New Zealand is extending the duration of cuts in fuel excise tax, road user charges and public transport fares by five months until the end of January, as families struggle with higher living costs amid strong inflationary pressures.
New Zealand petrol prices, like elsewhere, have risen sharply since Russia’s attack on Ukraine started in February, contributing to significant inflation. Food prices rose 1.2 per cent in June, while they rose 6.6 per cent from the same month last year.
New Zealand will continue its cut to fuel excise until 2023.Credit:Eddie Jim
“There’s no easy fix for the cost of living, but we’re taking a range of actions to ease the pressure on families,” Finance Minister Grant Robertson said.
“We want Kiwis to have some certainty over the coming months in the face of volatile prices at the pump.”
The New Zealand government in March cut the fuel excise tax by 25 cents a litre and road user charges – a charge levied on diesel vehicle users – by as much for three months.
Australia followed a fortnight later, with then prime minister Scott Morrison using his pre-election budget to slash fuel excise by 22 cents a litre. That reduction is due to finish in late September.
New Zealand’s temporary measure was already extended in May until mid-August.
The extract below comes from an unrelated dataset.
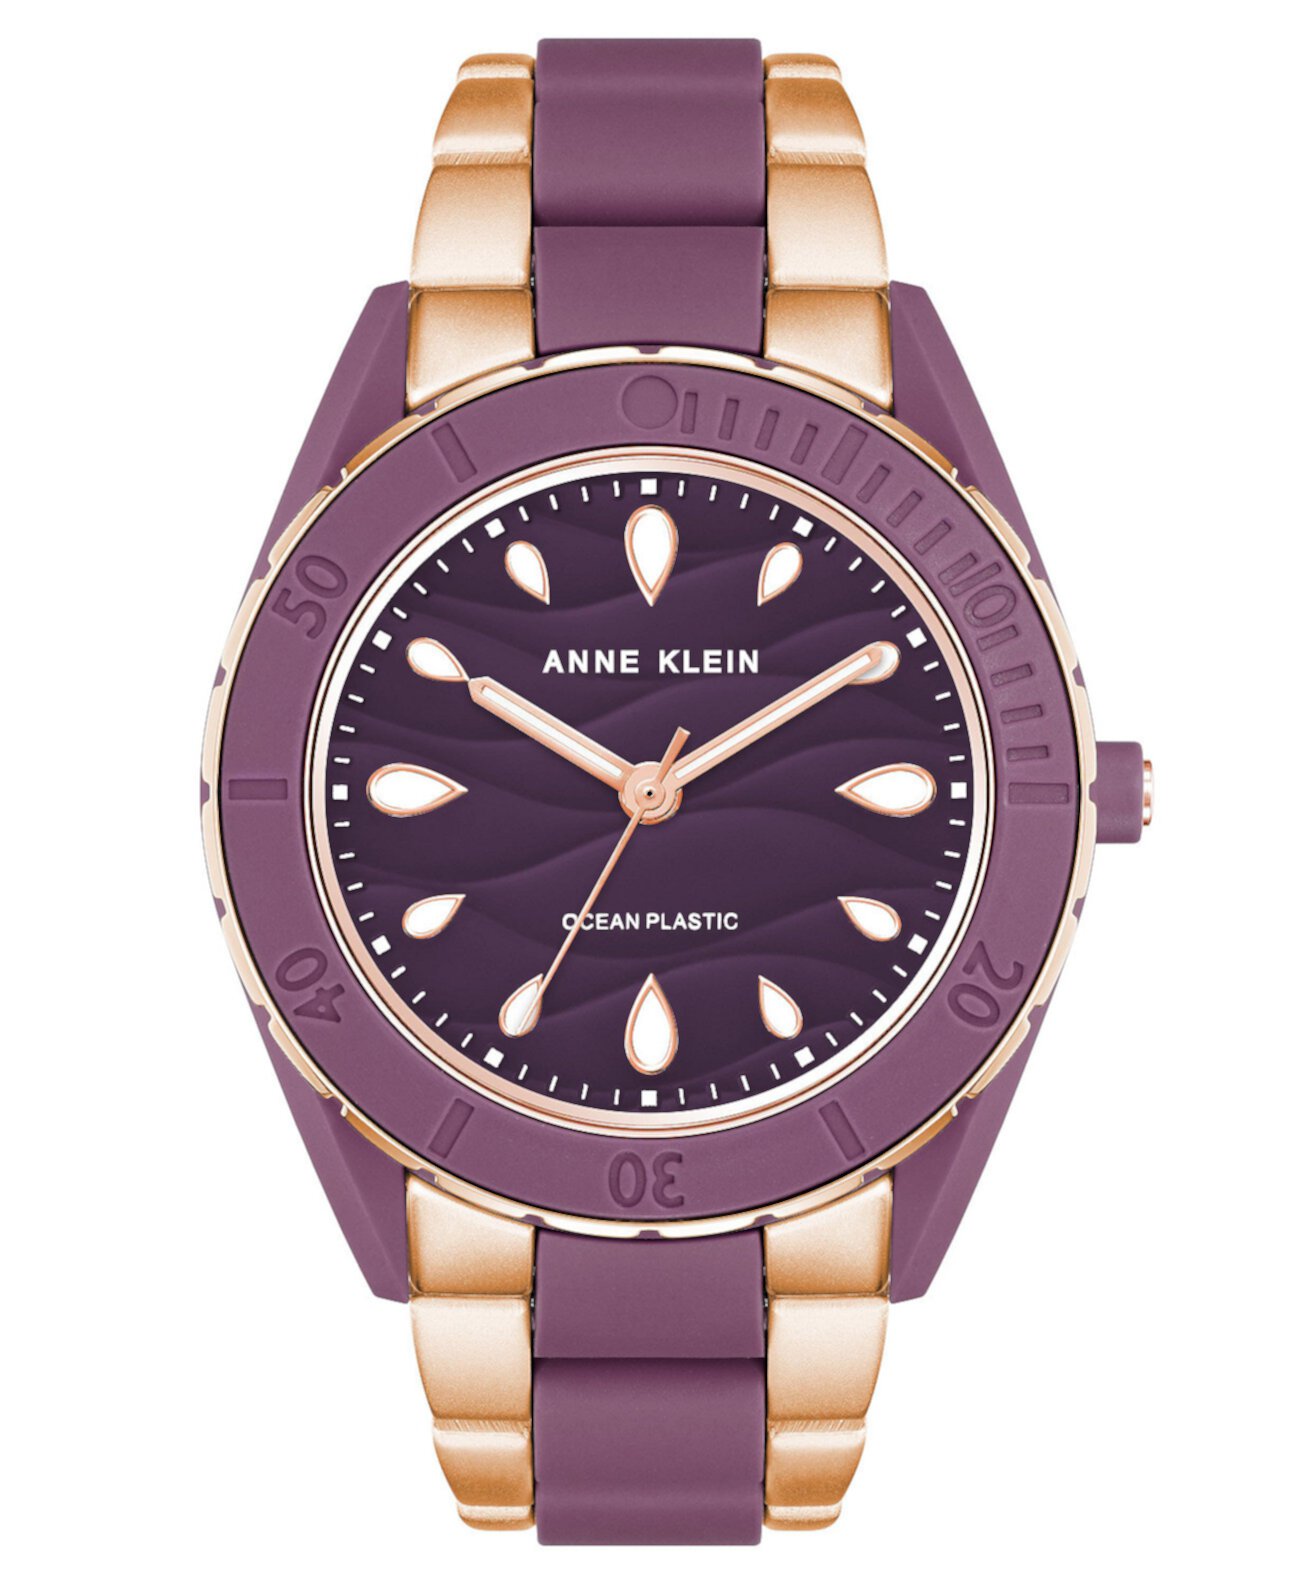 Женские кварцевые часы с тремя стрелками с пластиковым браслетом цвета розового золота и фиолетового цвета на солнечных батареях Oceanwork, 38,5 мм Anne Klein

Authorities say the changes will reduce the cost of filling up a 40-litre tank of petrol by more than NZ$11 ($10) and a 60-litre tank by more than NZ$17.
Half-price public transport fares, also introduced in March, will continue until next year.
The Treasury estimates the combined impact of the policy will reduce headline inflation by 0.5 percentage points in the June quarter, Robertson said.
But he warned inflation would likely “stay for some time at levels higher than we have seen in recent years” even as economists forecast it would peak in the June quarter.
On Wednesday, the Reserve Bank of New Zealand delivered its sixth straight interest rate rise and signalled it remained comfortable with its planned aggressive tightening path to restrain runaway inflation.